# [Your objective]
Give the lines again exactly as they appear below, from the line with "01.04.2019., Zagreb - Tvrtka" to the line with "Photo: Borna Filic/PIXSELL", both included, and only those lines. Leave every picture out.

# [Records shown]

━━━━━━

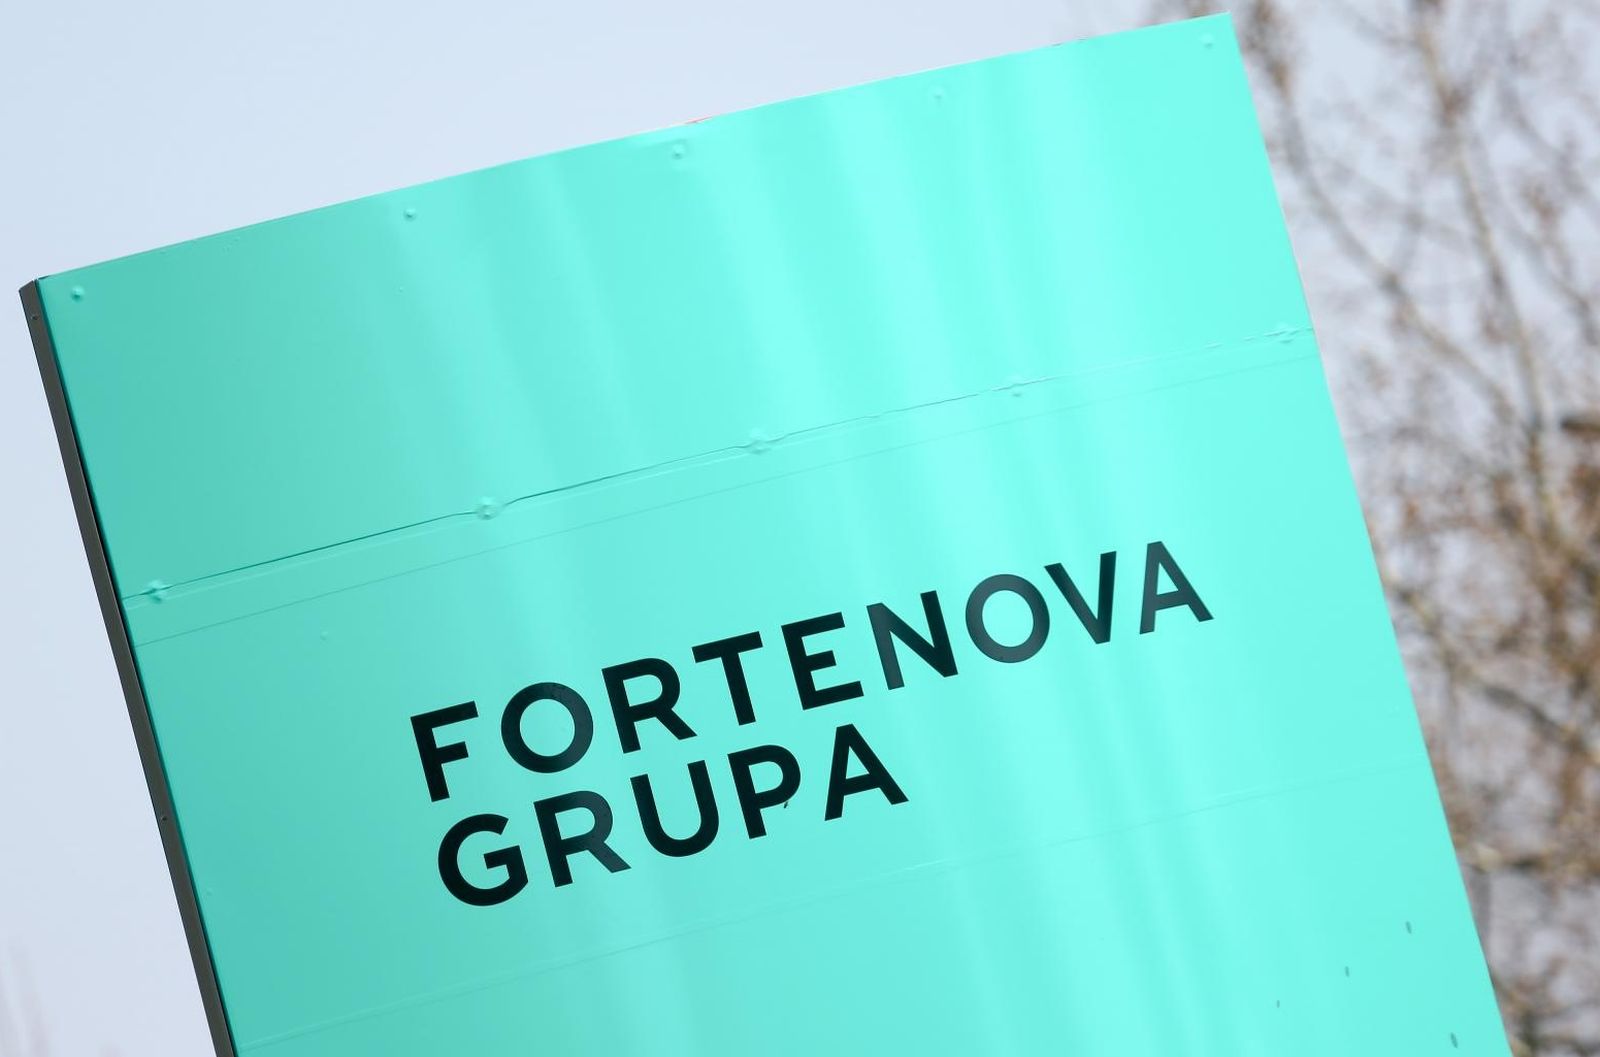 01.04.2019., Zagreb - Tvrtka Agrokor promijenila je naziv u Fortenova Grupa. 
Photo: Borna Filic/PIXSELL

━━━━━━

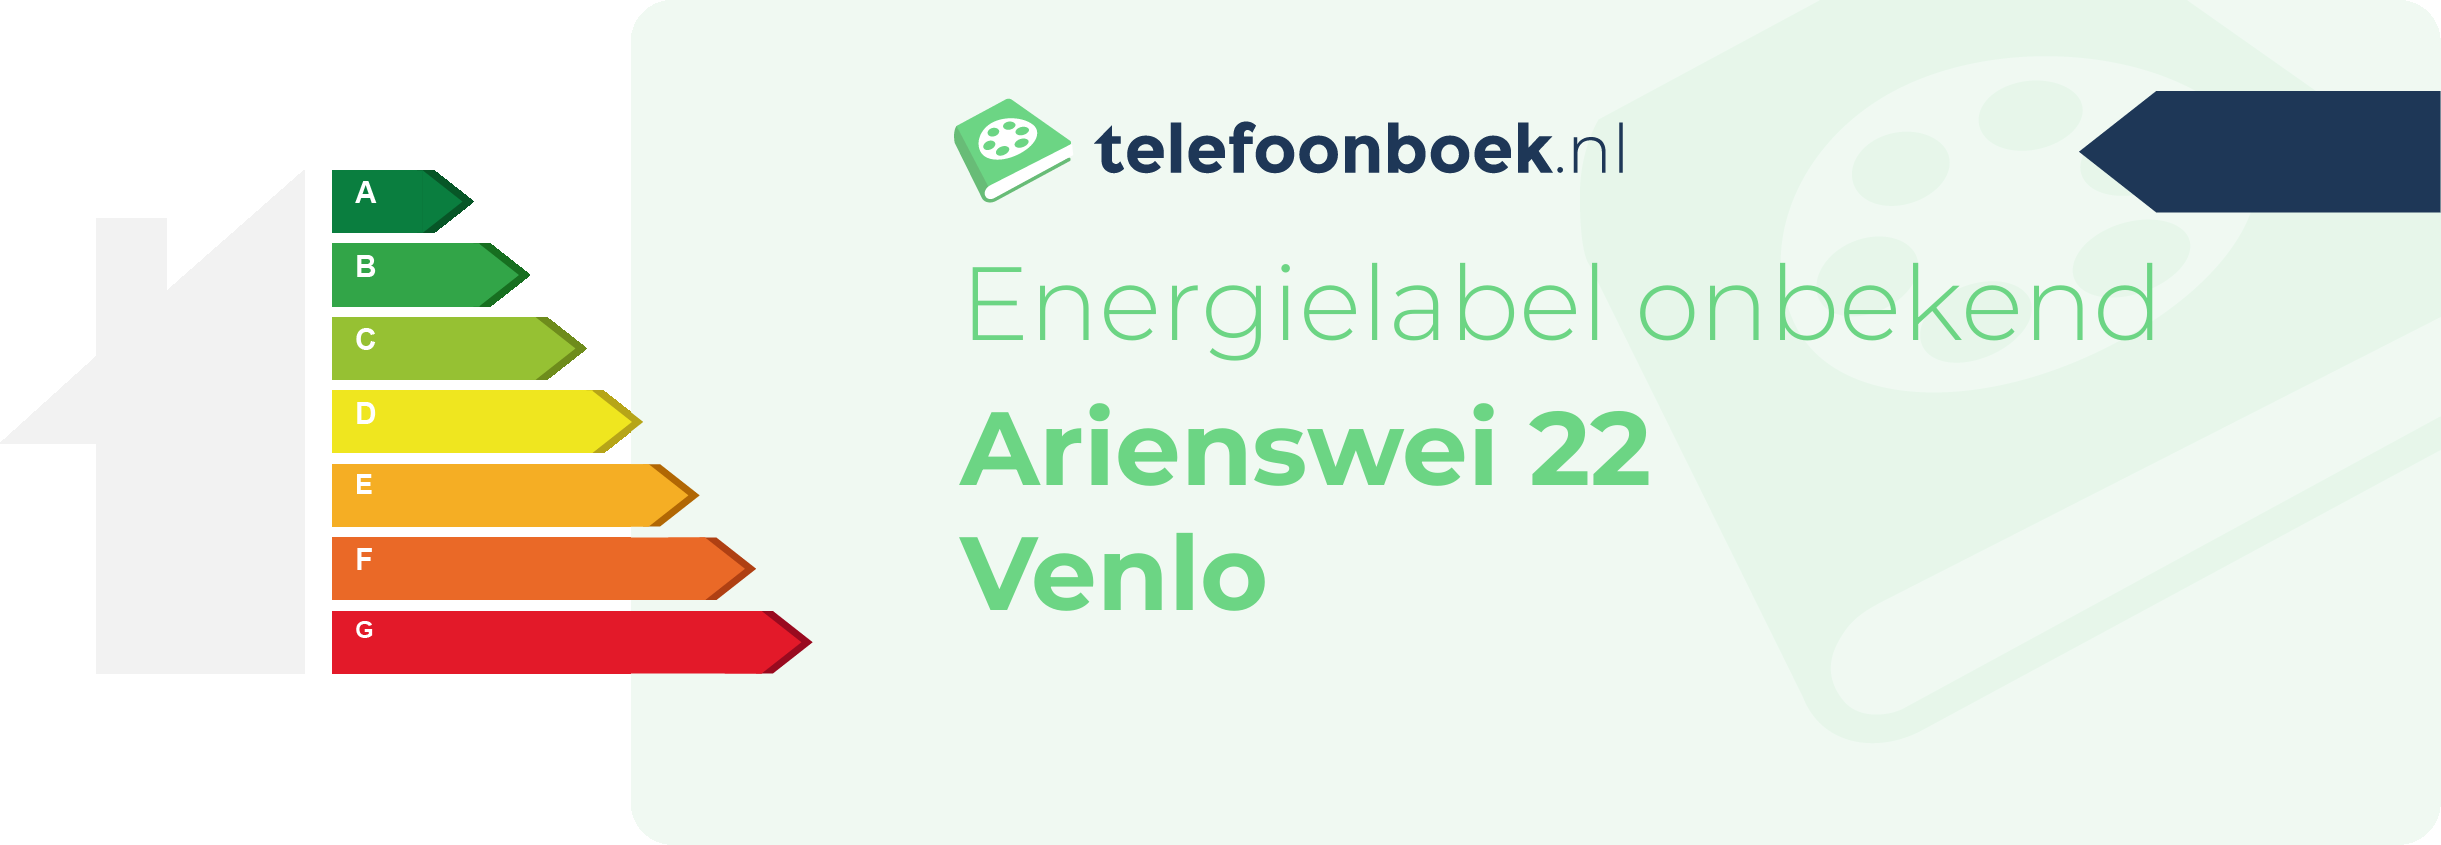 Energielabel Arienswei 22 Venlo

━━━━━━

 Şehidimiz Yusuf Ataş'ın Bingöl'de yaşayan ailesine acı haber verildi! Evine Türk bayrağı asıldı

━━━━━━

# [Problem solution]
 01.04.2019., Zagreb - Tvrtka Agrokor promijenila je naziv u Fortenova Grupa. 
Photo: Borna Filic/PIXSELL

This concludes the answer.